I have also to say that from that moment onwards, the psychological tension of the novel rather fades away and a detective story takes over, as Arthur acts in a Sherlock Holmes-like way to clear George and to identify the real perpetrator of the crimes. Thanks to Arthur’s campaign, the Home Office eventually had to give a free pardon (there was as yet no Court of Appeal, and the Edalji case contributed greatly to such a court being set up later in 1907); but did it in a thoroughly weasly way: ensuring that no one was actually blamed for the miscarriage of justice (except, by implication, George himself!), refusing to pay him compensation, and failing also to take any notice of Arthur’s identification of the true criminals leads.
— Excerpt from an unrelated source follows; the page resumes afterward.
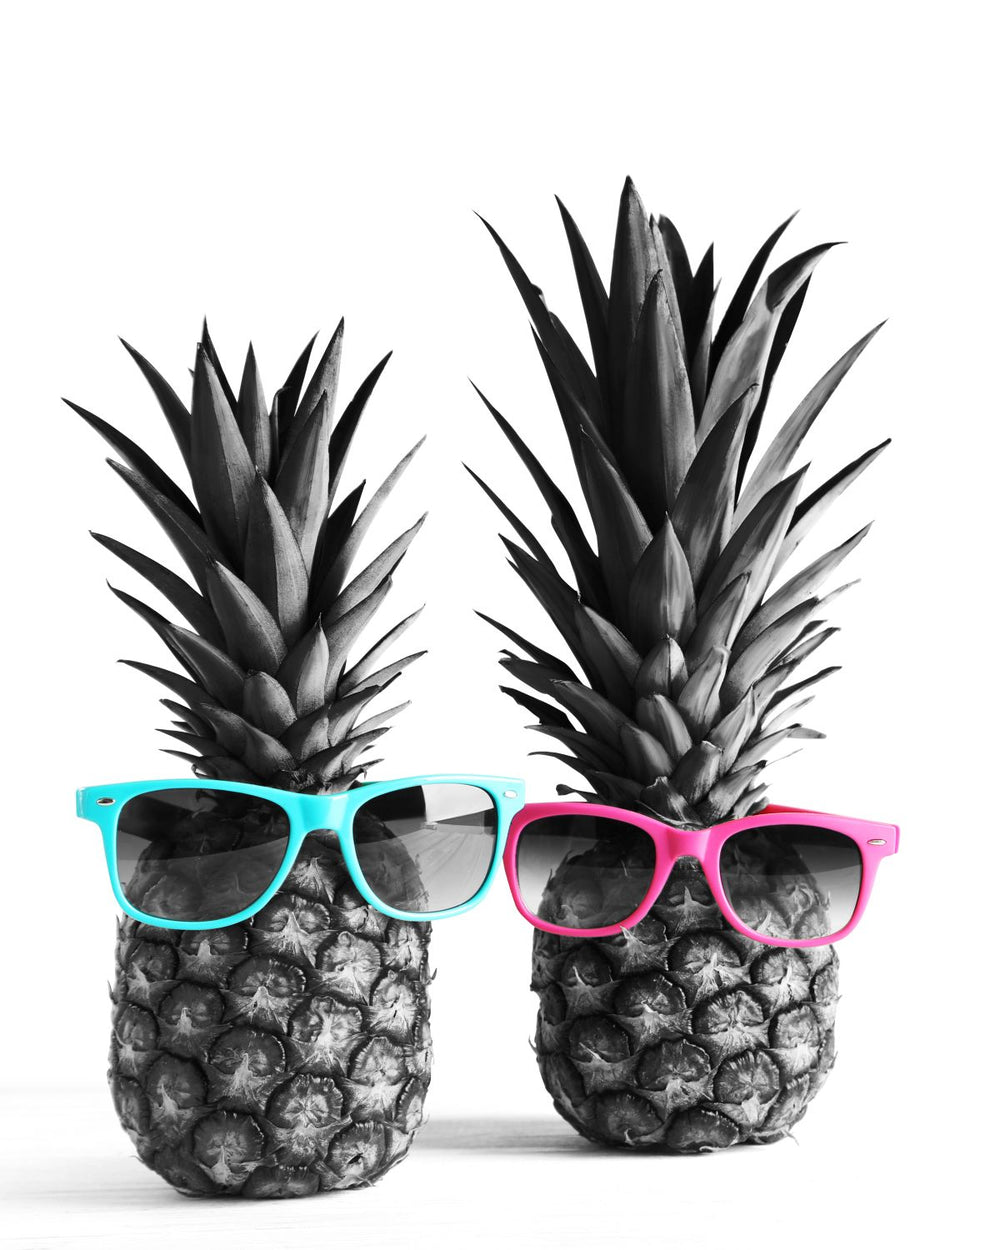 Two Chic Pineapples

All this leads to a let-down towards the end of the book which as a novelist Julian Barnes would surely have liked to avoid but which was forced upon him by the historical facts of the case. The novel does not deal with the anti-climax of the next five years or so, during which Arthur failed to get Captain Anson, the prejudiced Chief Constable of Staffordshire, to pursue the true criminals. Instead, Barnes counteracts this feeling of let-down with a short, spine-tinglingly written final section about the memorial meeting for Conan Doyle (it took the form of a spiritualist s ance in the presence of over a thousand people in the Albert Hall), a quarter of a century after Arthur and George had last met. And on the last two pages of the book there are two unexpected twists to the story.
All this is set against the carefully researched social and political conditions of the period and an understanding of Victorian-Edwardian mores and mind-sets. The whole book, written in a beautifully limpid style, is a magnificent blend of scholarship and imagination. One really cares about the two protagonists as people and, as the story develops, one is kept on tenterhooks as one is by a good thriller. A real treat of a book.